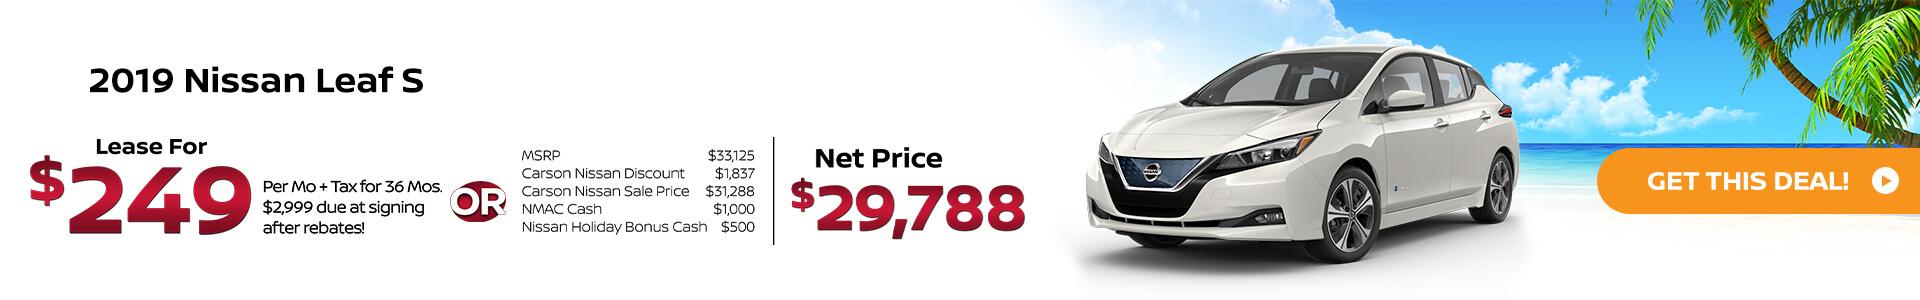 All New 2019 Nissan Leaf Plus Carson Nissan
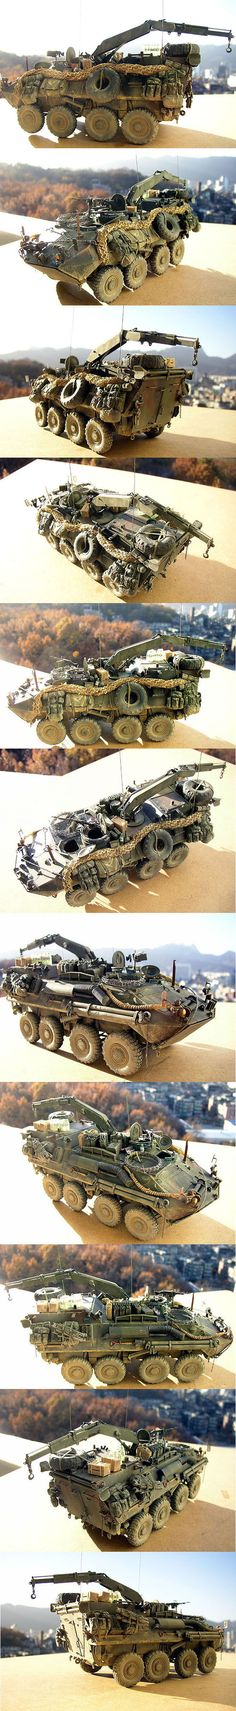 LAV-R 1/35 scale model
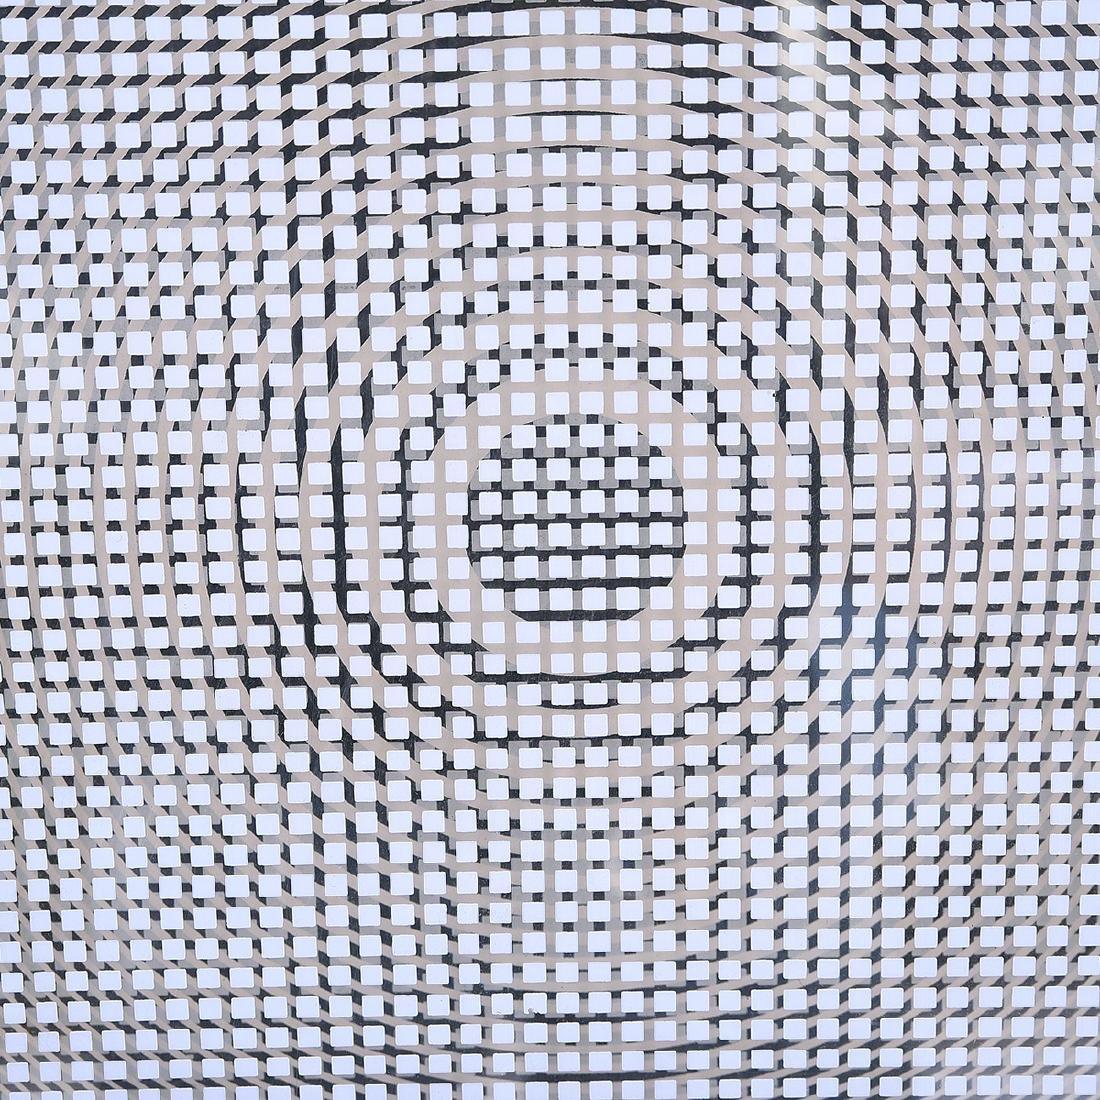 Attrib. to Alberto Biasi, Untitled double silkscreen - 4

Required action: Copy the data exactly. Any picture it contains is to be omitted.

Written reply:
 All New 2019 Nissan Leaf Plus Carson Nissan
 LAV-R 1/35 scale model
 Attrib. to Alberto Biasi, Untitled double silkscreen - 4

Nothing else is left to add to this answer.